Courses & Workshops/Jan 25, 2016

Cambridge Postgraduate Workshop in Medieval and Early Modern Slavonic Studies

Cambridge Postgraduate Workshop in Medieval and Early Modern Slavonic Studies lead image

The End of the “Khazar Yoke,” Cambridge Postgraduate Workshop in Medieval and Early Modern Slavonic Studies, University of Cambridge, February 12, 2016, 11:00–3:00

The Cambridge Postgraduate Workshop in Medieval and Early Modern Slavonic Studies is presented by Cambridge Ukrainian Studies, a programme of the Department of Slavonic Studies at the University of Cambridge. Led by Dr Oleksiy Tolochko, Director of the Center for Kyivan Rus’ Studies at the Institute of Ukrainian History, National Academy of Sciences of Ukraine, the workshop will explore the fundamental premise of medieval Slavonic Studies that the Kyivan polity emerged and initially developed in competition and in confrontation with the Khazar Khanate. Only one source supports this thesis –the Primary Chronicle; no other source documents any significant contact between the Rus’ of Kyiv and the Khazars. Using contemporaneous sources, the workshop will deliberate the nature of the Rus’-Khazar relationship and the root of the historiographical myth of Khazar domination of the Rus’ put forth in the Primary Chronicle.

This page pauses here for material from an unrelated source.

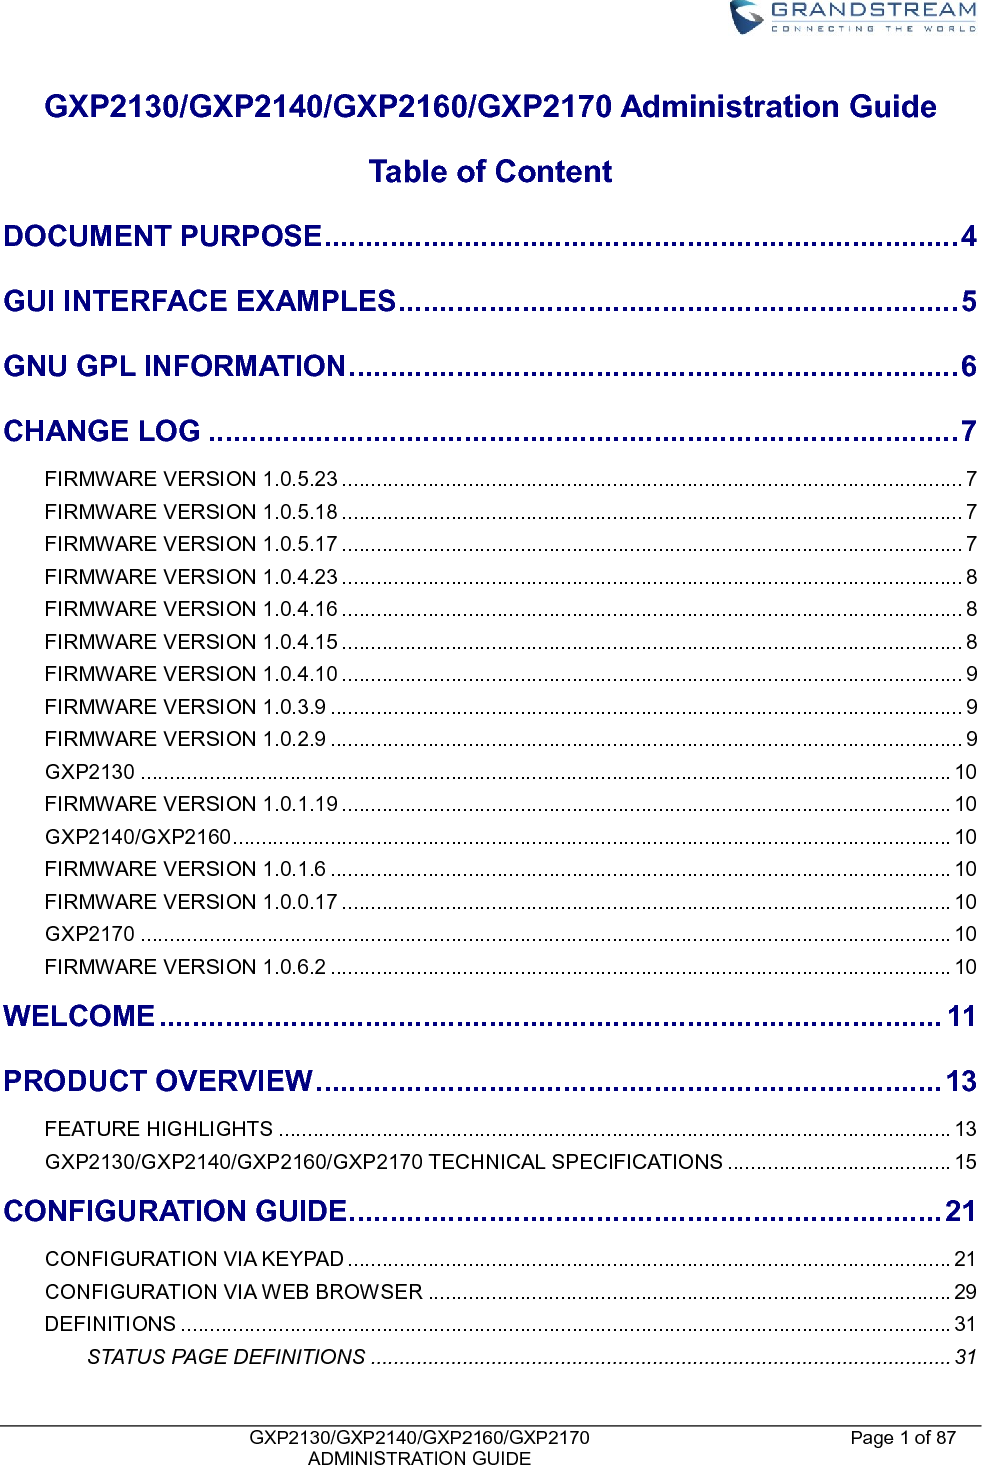    GXP2130/GXP2140/GXP2160/GXP2170   ADMINISTRATION GUIDE Page 1 of 87     GXP2130/GXP2140/GXP2160/GXP2170 Administration Guide     Table of Content DOCUMENT PURPOSE ............................................................................. 4 GUI INTERFACE EXAMPLES .................................................................... 5 GNU GPL INFORMATION .......................................................................... 6 CHANGE LOG ........................................................................................... 7 FIRMWARE VERSION 1.0.5.23 ............................................................................................................ 7 FIRMWARE VERSION 1.0.5.18 ............................................................................................................ 7 FIRMWARE VERSION 1.0.5.17 ............................................................................................................ 7 FIRMWARE VERSION 1.0.4.23 ............................................................................................................ 8 FIRMWARE VERSION 1.0.4.16 ............................................................................................................ 8 FIRMWARE VERSION 1.0.4.15 ............................................................................................................ 8 FIRMWARE VERSION 1.0.4.10 ............................................................................................................ 9 FIRMWARE VERSION 1.0.3.9 .............................................................................................................. 9 FIRMWARE VERSION 1.0.2.9 .............................................................................................................. 9 GXP2130 ............................................................................................................................................. 10 FIRMWARE VERSION 1.0.1.19 .......................................................................................................... 10 GXP2140/GXP2160 ............................................................................................................................. 10 FIRMWARE VERSION 1.0.1.6 ............................................................................................................ 10 FIRMWARE VERSION 1.0.0.17 .......................................................................................................... 10 GXP2170 ............................................................................................................................................. 10 FIRMWARE VERSION 1.0.6.2 ............................................................................................................ 10 WELCOME ............................................................................................... 11 PRODUCT OVERVIEW ............................................................................ 13 FEATURE HIGHLIGHTS ..................................................................................................................... 13 GXP2130/GXP2140/GXP2160/GXP2170 TECHNICAL SPECIFICATIONS ....................................... 15 CONFIGURATION GUIDE ........................................................................ 21 CONFIGURATION VIA KEYPAD ......................................................................................................... 21 CONFIGURATION VIA WEB BROWSER ........................................................................................... 29 DEFINITIONS ...................................................................................................................................... 31 STATUS PAGE DEFINITIONS ..................................................................................................... 31

Dr Oleksiy  Tolochko is a leading scholar of Medieval and Early Modern Eastern European history and one of Ukraine’s foremost medievalists, who has taught at such institutions as the National University of “Kyiv Mohyla Academy,” the Central European University, Harvard University, and Taras Shevchenko National University of Kyiv.  

The workshop will be led in English and all interested postgraduate students and scholars in medieval history and culture are welcome to apply.

For accepted workshop participants, costs for domestic economy train/coach travel to and from Cambridge will be reimbursed, and coffee and lunch provided.